• [EXERCISE REQUIREMENTS] Repeat only what runs from the line with "Alte Holz- orthodoxen" through the last line of the data below, both included, keeping every word as it is and leaving out the pictures.

• [SUPPLIED DATA]
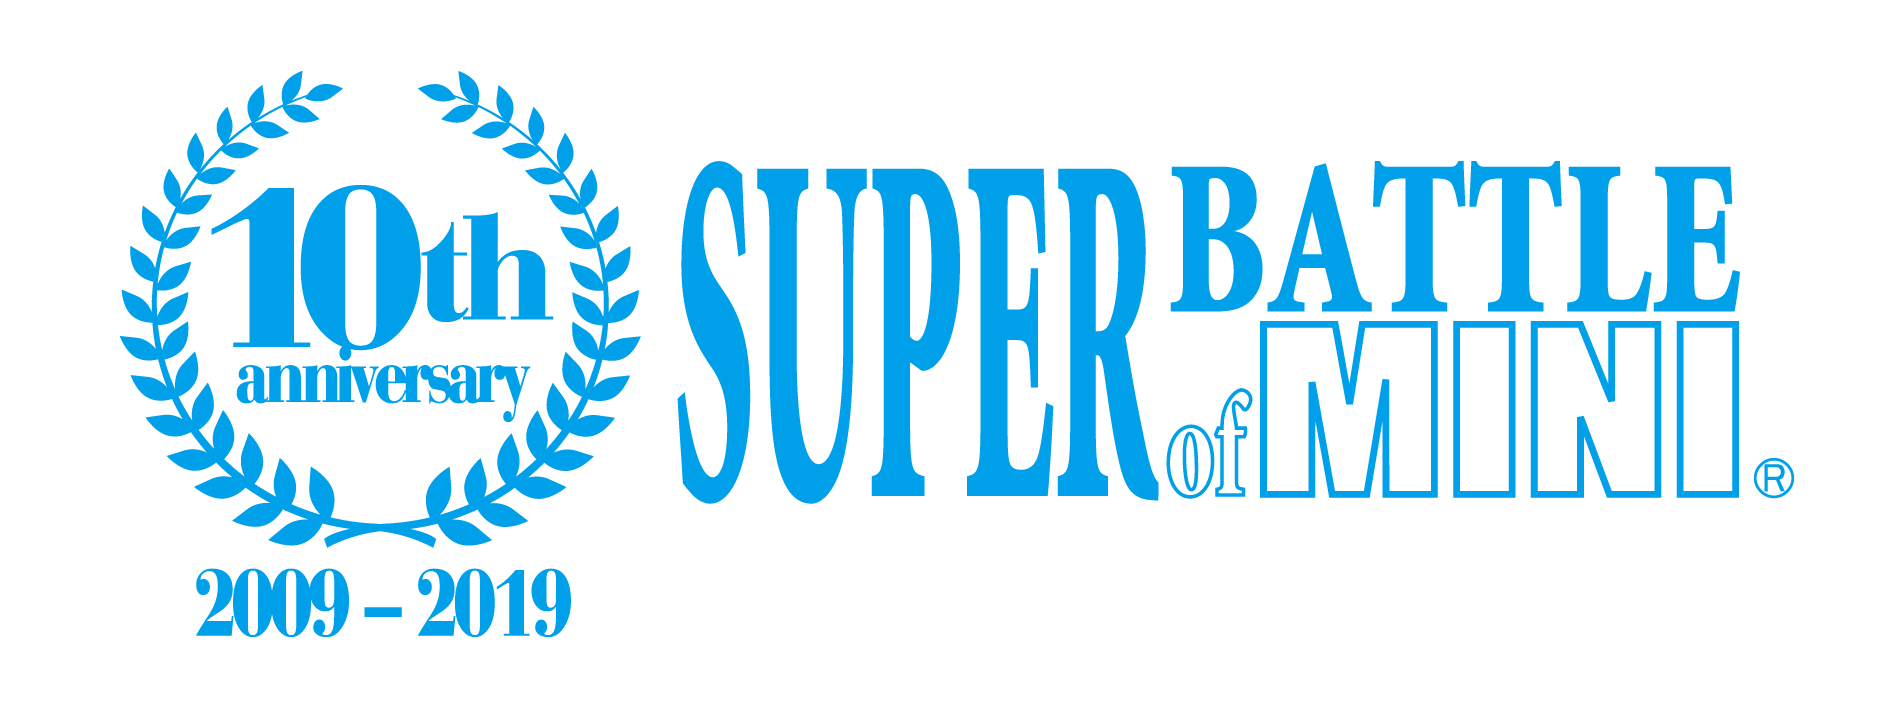 【更新】SUPER BATTLE of MINI 第 4 戦 (最終戦)  エントリーリスト  
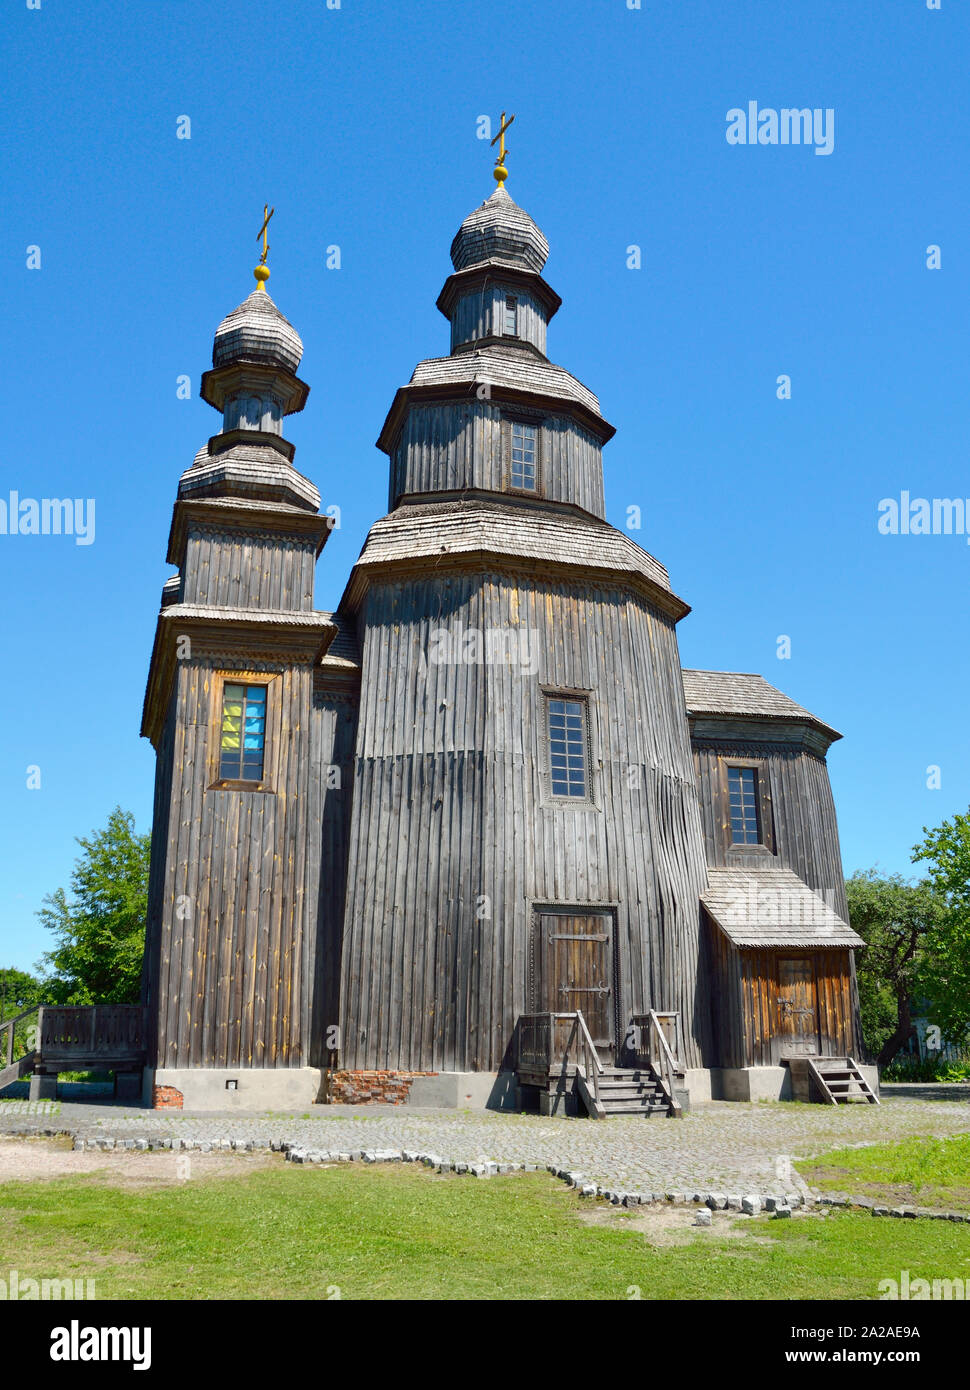 Alte Holz- orthodoxen Kirche. Auf Hintergrund mit blauer Himmel Stockfoto
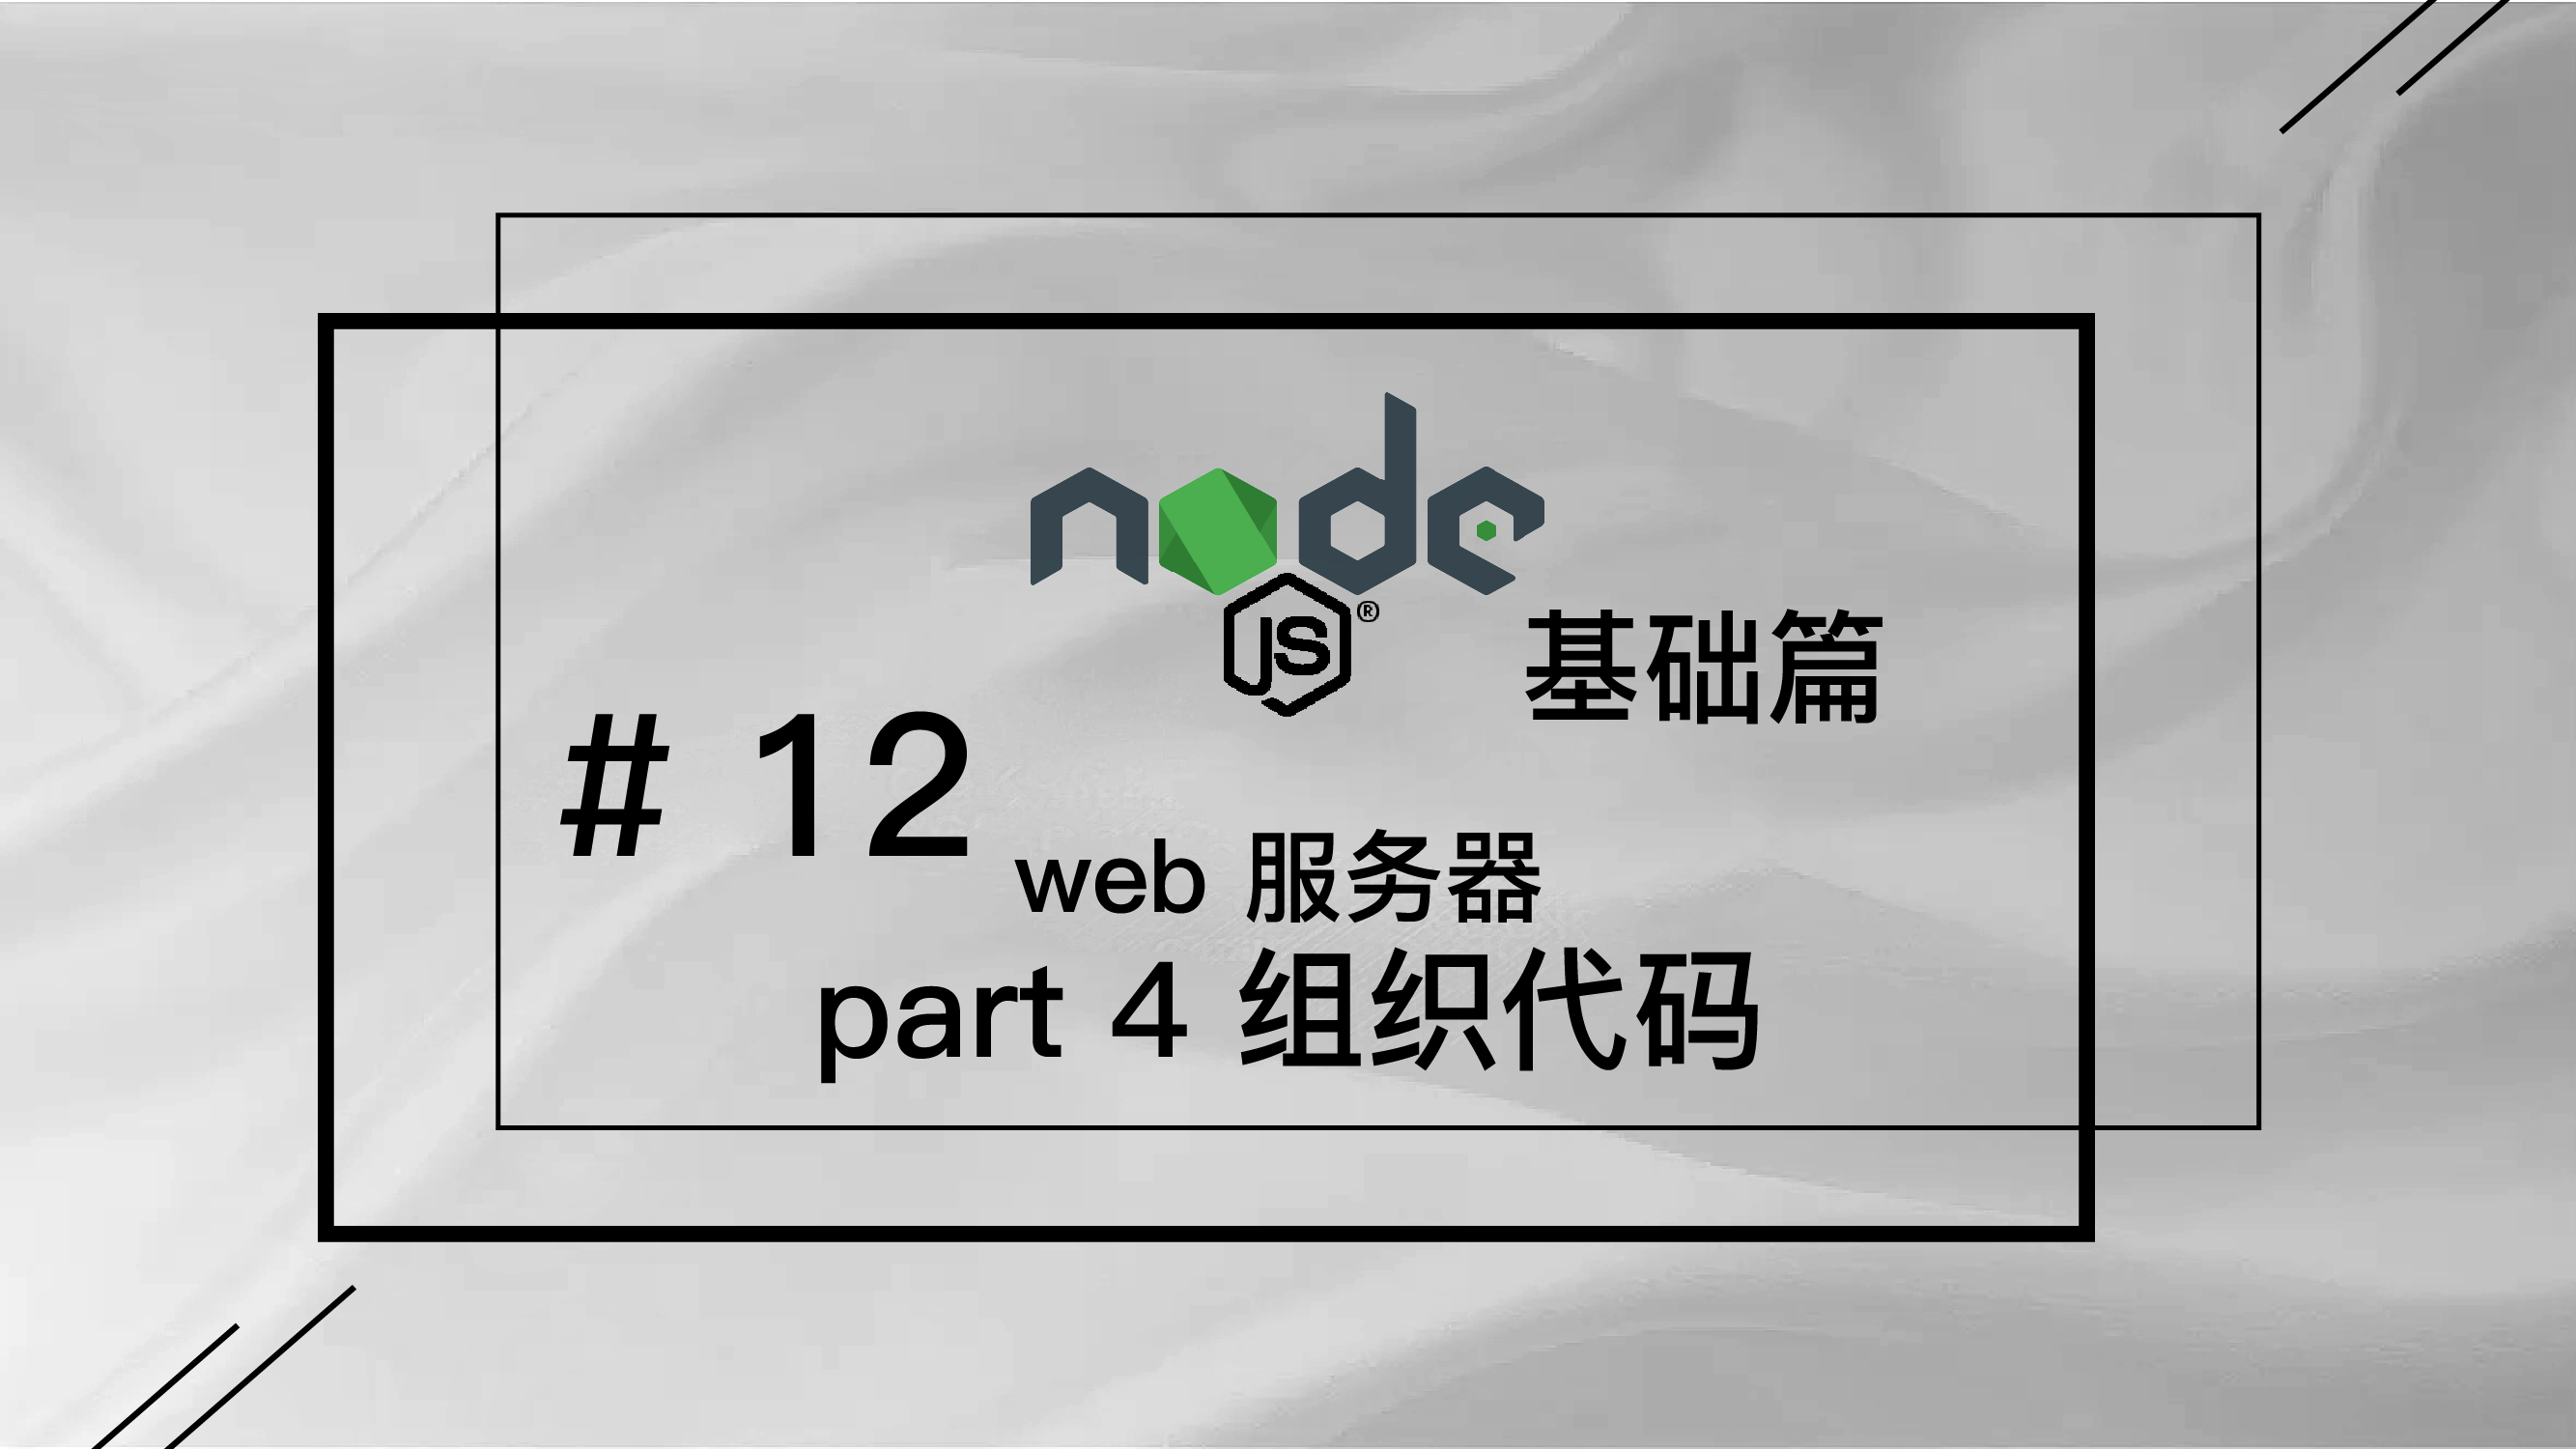 轻松学 Node.js - 基础篇免费视频教程 #12 web 服务器 part 4 用模块化思想组织代码

• [RESULT BELOW]
 Alte Holz- orthodoxen Kirche. Auf Hintergrund mit blauer Himmel Stockfoto
 轻松学 Node.js - 基础篇免费视频教程 #12 web 服务器 part 4 用模块化思想组织代码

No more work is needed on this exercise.